Algunas tardes frecuento los cafetines olorosos a tabaco en el Barrio de la Pescadería. Deambulo solo por sus callejuelas, reconstruyendo la leyenda, recuerdo mis encuentros incidentales con los amantes en alguna escarcela de mi vida.

Aún se conserva el Mercado declarado patrimonio nacional. Pero nuevas ferias adyacentes se le suman, ahí venden postales de la ciudad, estatuillas de mármol alabastro que muestran a los amantes besándose en el puente, abajo dice “Recuerdo de Puerto Peregrino”. También hay libros de bolsillo que relatan la leyenda. Incluso alguna vez pude ver en una vitrina dos marionetas de Amadeo y Emilia.

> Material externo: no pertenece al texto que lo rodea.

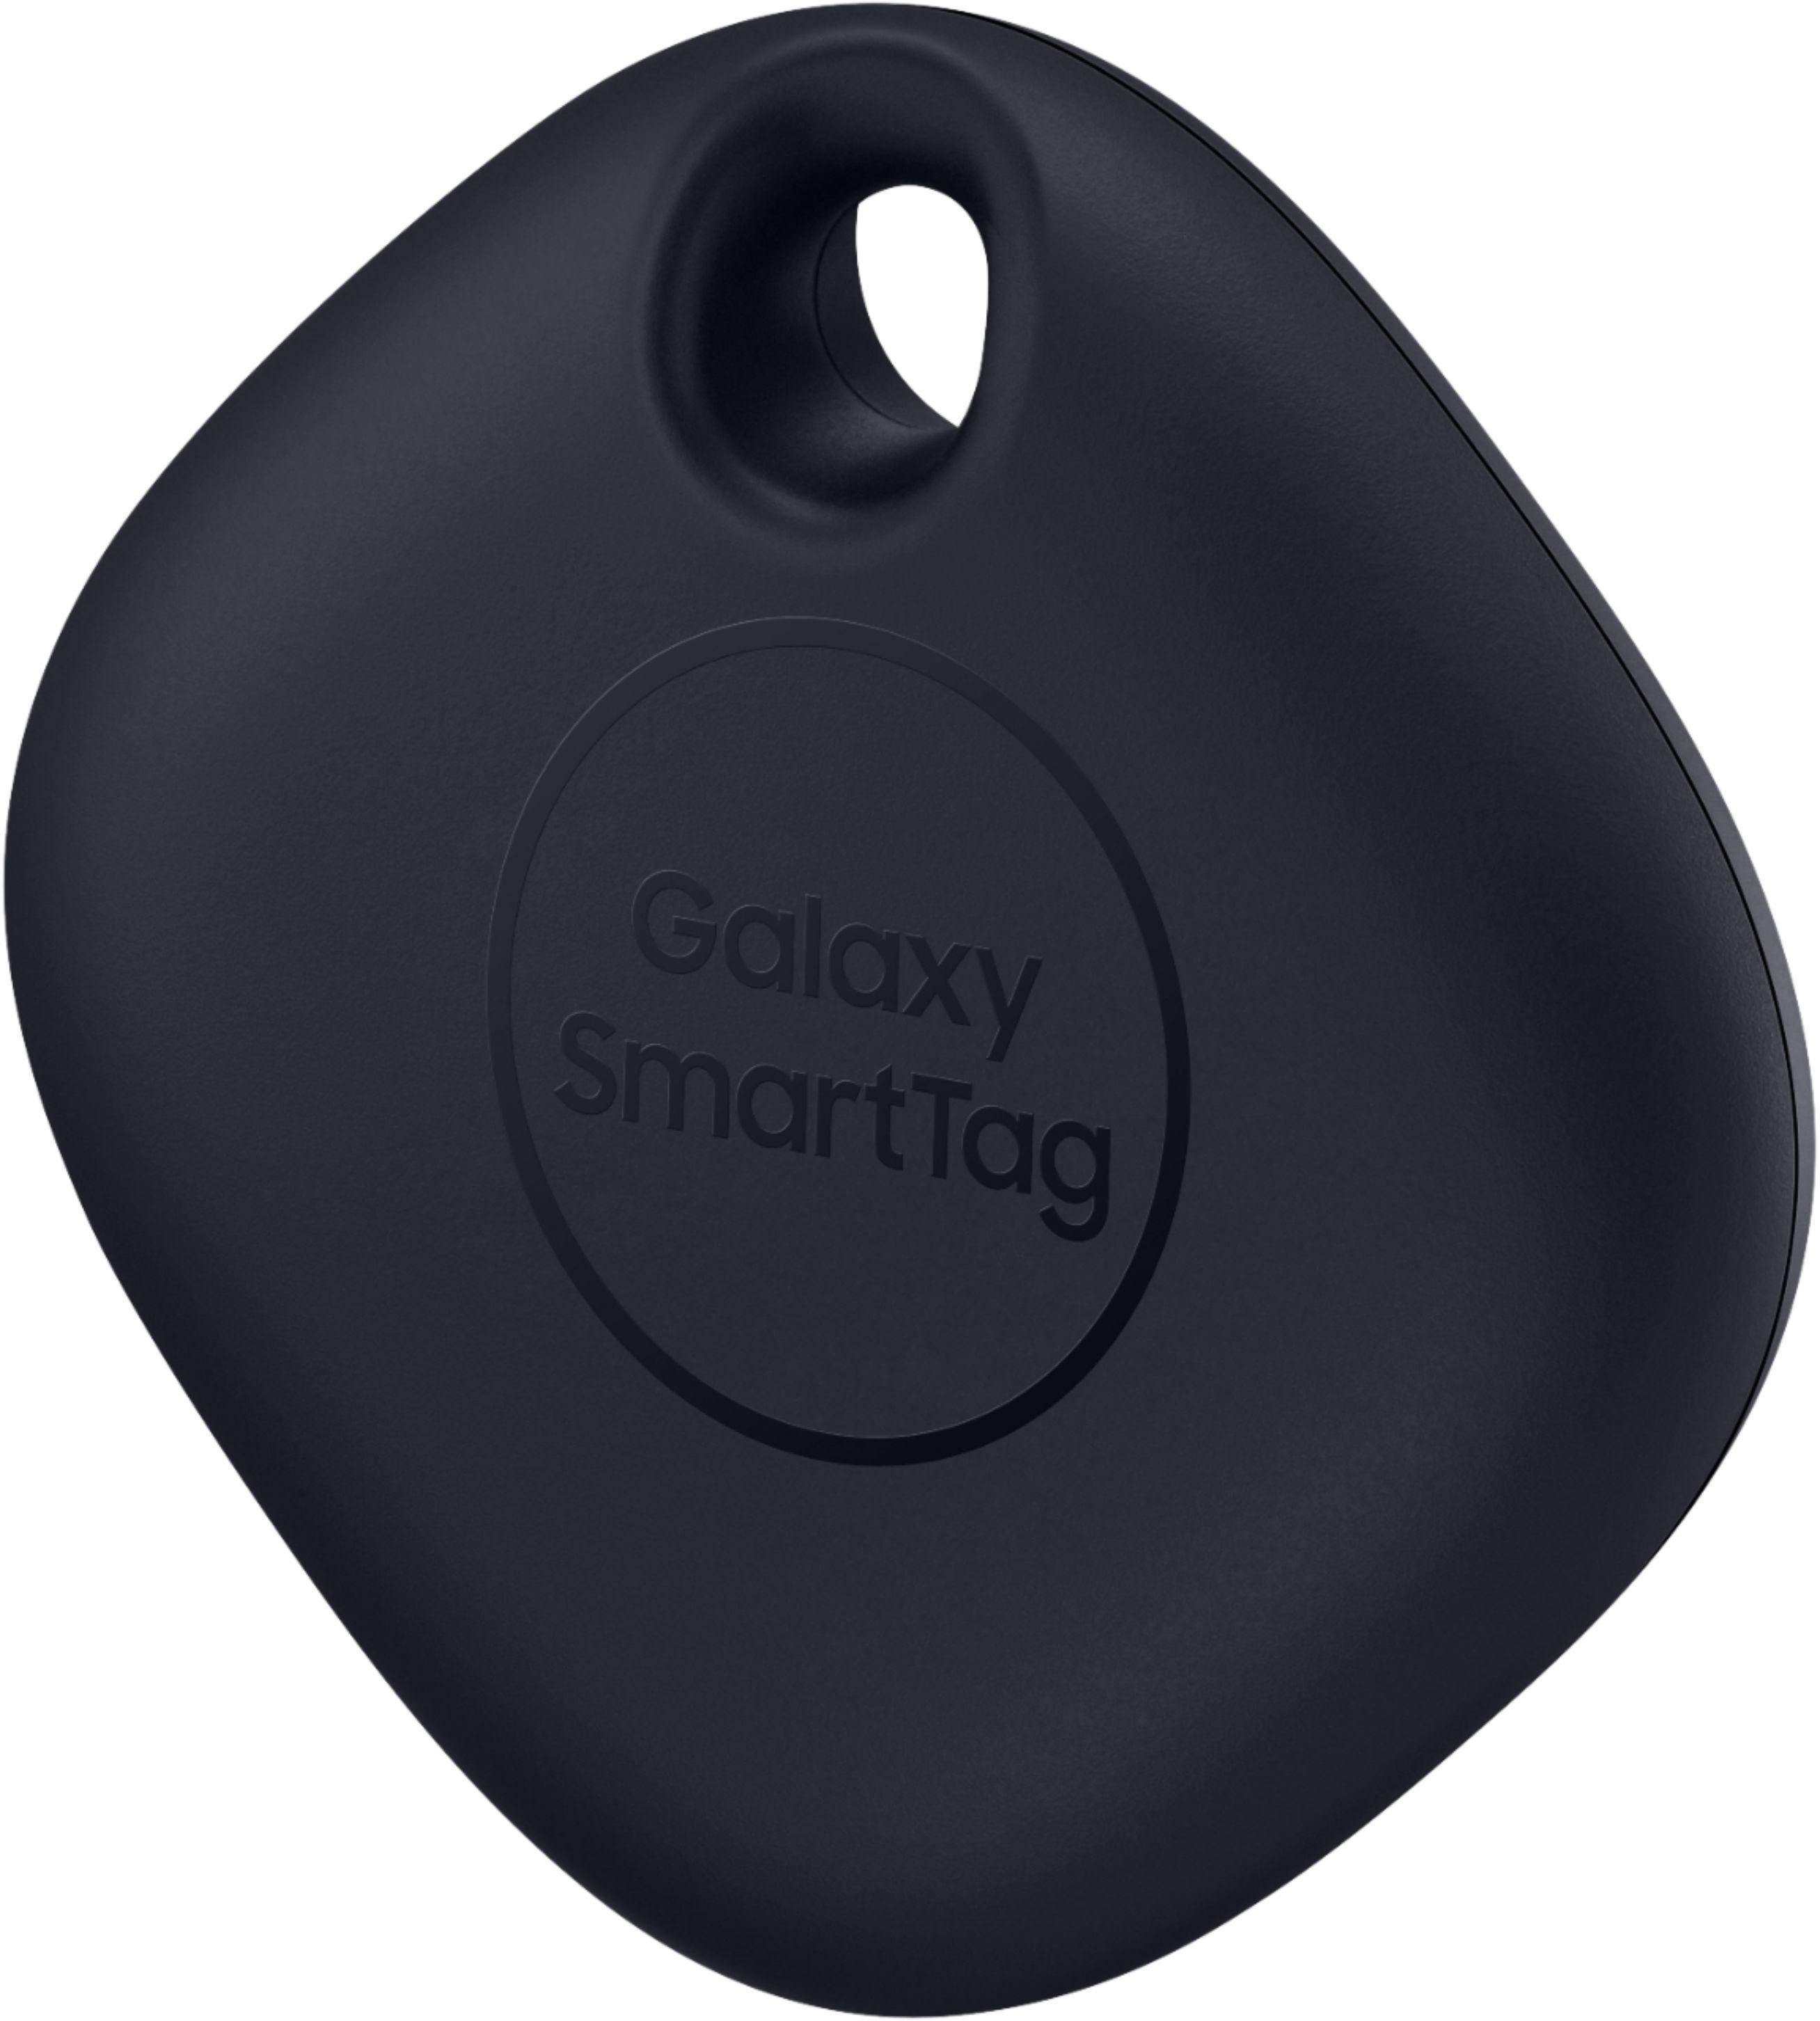  Samsung Galaxy SmartTag (2 Pack) Bluetooth Tracker

El muñeco que representa al juglar tiene barba de tres días (unas lanas negras e hilachentas), un traje con harapos bien bor-dados y una guitarrita sin cuerdas. El perfil quebrado y los hilos le otorgan el carácter de manifiesta caricatura.

Emilia, en cambio, es una muñeca para niñas malcriadas. Tiene los labios pequeños y un vestido de flores. Sus ojos son dos botones negros y las lanas amarillas del cabello se esparcen lacias en el vacío porque casi no tiene hombros. Creo que mueve los bracitos con una palanca de madera que se encuentra en sus extremidades.

No es necesariamente la vulgarización de la leyenda, como antes creía. Simplemente, los amores pierden sus motivaciones, los recuerdos se fosilizan garantizándonos la falsa necesidad de reconstruirlos.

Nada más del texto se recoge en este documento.